The incidence of strains with vancomycin MIC 2 μg/ml has varied considerably among several studies [3, 1012]. As reasons for this inconsistency, an increase of these strains could be caused by either the extensive use of vancomycin or the dissemination of clones with less sensitivity to vancomycin. Moise et al. [13] demonstrated that MRSA bloodstream isolates from patients recently treated with vancomycin showed reduced susceptibility and increased tolerance to vancomycin in vitro. In the present study, however, vancomycin use did not affect the isolation of 2 μg/ml strains. It is important to clearly distinguish MIC creep from the increased occurrence of specific epidemic clones with elevated vancomycin MIC values. From another point of view, the proportion of 2 μg/ml strains among strains isolated from bacteremia in the present study was significantly higher than that in strains isolated from other infections (32.0 vs. 8.9%, p < 0.001). As an explanation, refractory infections caused by 2 μg/ml strains might subsequently develop systemic infections, such as bacteremia. Interestingly, the incidence of pneumonia as a source of infection in bacteremia due to 2 μg/ml strains was significantly higher than that in bacteremia due to ≤1 μg/ml strains. Only 20–30% of the vancomycin serum concentration is achieved in lung tissue, thus requiring even higher doses to treat pneumonia.
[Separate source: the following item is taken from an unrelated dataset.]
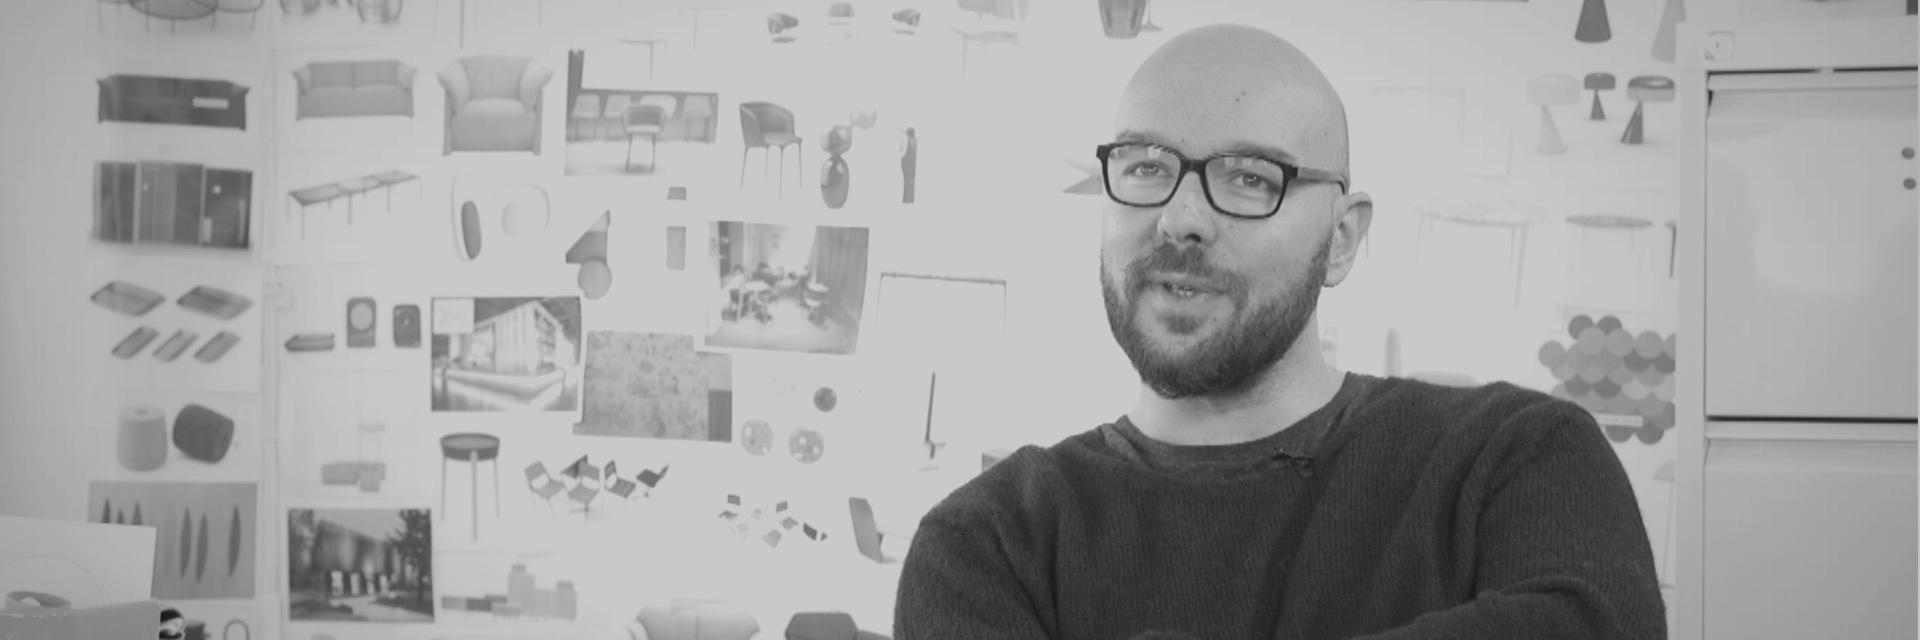 意大利Luca Nichetto阐释设计理念

As reported by other investigators [2, 5, 7], the present study has suggested that the vancomycin MIC has an important impact on antibiotic efficacy and on mortality in patients with bacteremia due to MRSA. In patients administered glycopeptides, there was a significant difference in clinical efficacy between infections caused by MIC ≤1 μg/ml strains and those caused by MIC 2 μg/ml strains. In the analysis of infection sites other than blood, however, there was no significant difference in clinical efficacy. Because of the low number of 2 μg/ml strains in infections other than bacteremia, insignificant difference of the efficacy of glycopeptides between pulmonary infections caused by MIC ≤1 μg/ml strains and MIC 2 μg/ml strains may not be worth evaluating. Mortality was significantly higher in patients with MRSA bacteremia infected with 2 μg/ml strains than in those infected with ≤1 μg/ml strains; however, there was no significant difference in mortality from infections other than bacteremia. Factors independently associated with mortality in patients with bacteremia in a regression model included bacteremia with MRSA strains with a vancomycin MIC of 2 μg/ml, liver cirrhosis, and ICU stay, and initial appropriate therapy lowered the risk.
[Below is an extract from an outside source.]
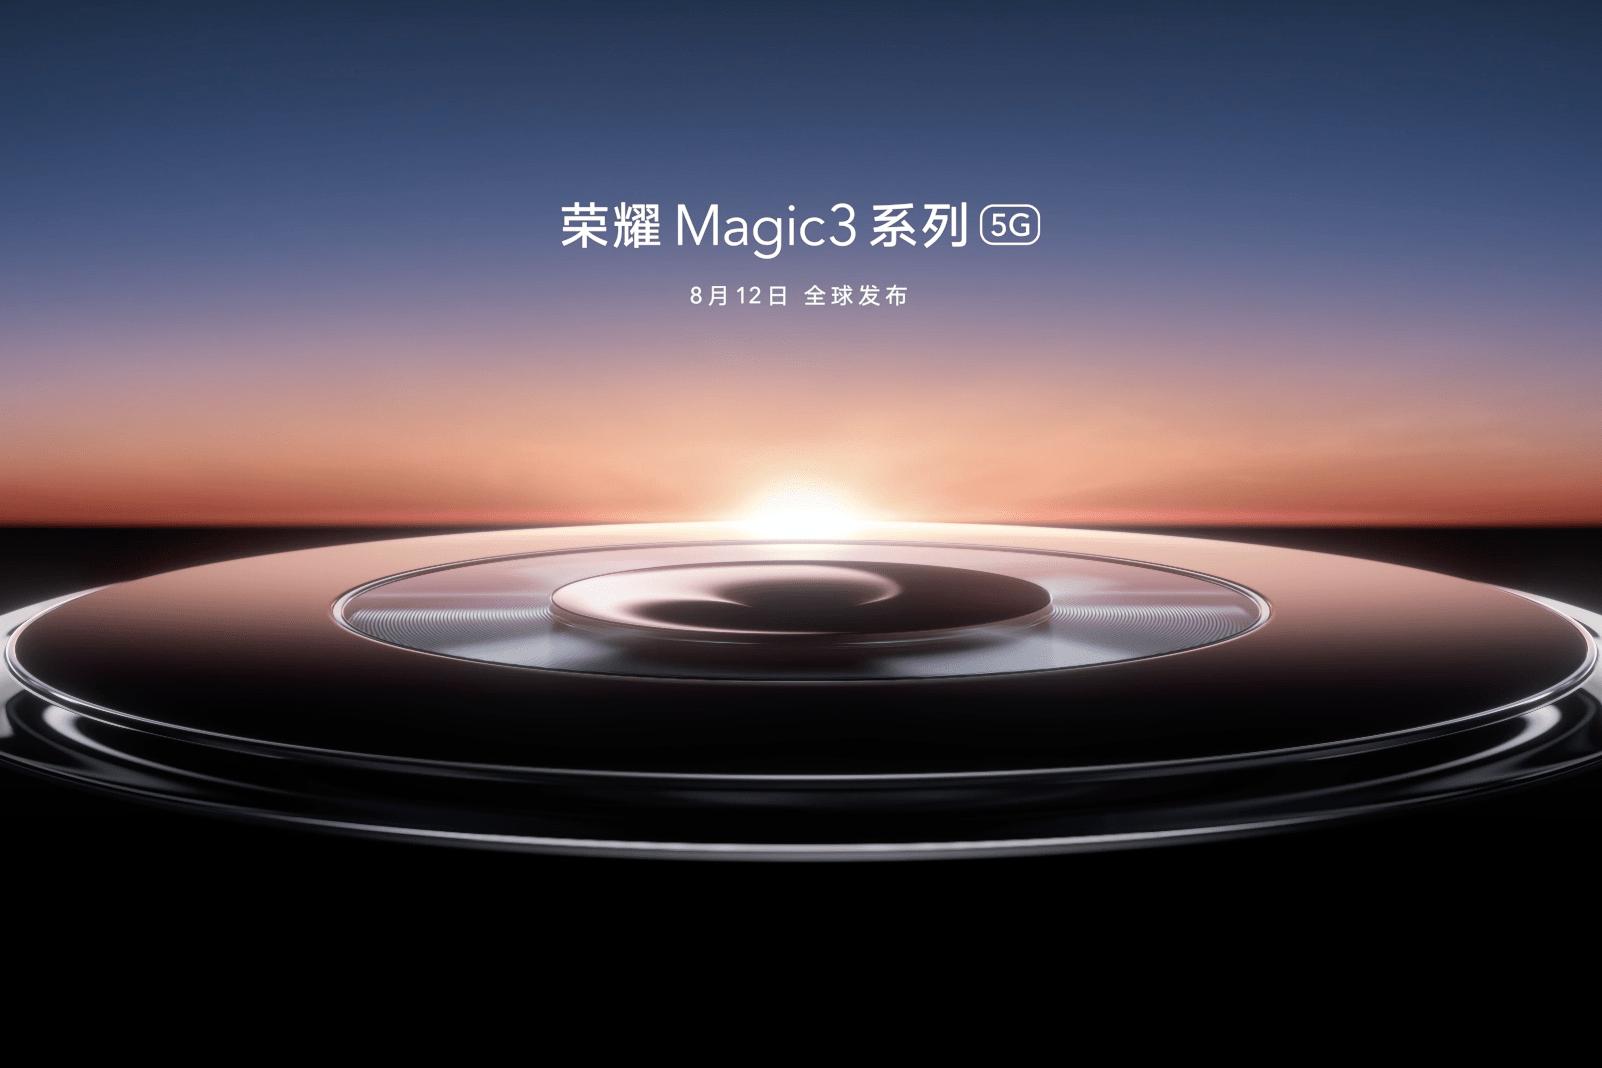 荣耀Magic3官宣核心参数曝光,苹果或WWDC22发布VR头显

Considering the current problems with vancomycin treatment, it is necessary to clarify whether new anti-staphylococcal agents, such as linezolid, daptomycin, or tigecycline, are superior to vancomycin when the strain has a vancomycin MIC >1 μg/ml. Thickening of the cell wall observed in vancomycin-intermediate S. aureus prevents the passage of vancomycin through a thickened peptidoglycan layer [14]. Camargo et al. [15] observed a strong correlation between the presence of a thickened cell wall and daptomycin resistance. In contrast, Mitsutaka et al. [16] demonstrated that the linezolid MIC showed no correlation with VCM resistance and they suspected that linezolid would be effective to treat infections that are poorly responsive to vancomycin. In our study, the clinical efficacy of linezolid use did not reveal a significant difference according to the MIC value in patients with bacteremia and other infections. As linezolid was mainly used as 2nd line therapy in bacteremia in our study, further study is necessary to confirm its efficacy in the treatment of MRSA infections with a vancomycin MIC of ≥2 μg/ml.

In conclusion, several characteristics such as a higher incidence than at other infection sites, a high incidence of pneumonia as a source of infection, a low success rate of vancomycin therapy, and poor prognosis were confirmed in 2 μg/ml MIC MRSA isolated from bacteremia; however, such features were not apparent in infections other than bacteremia.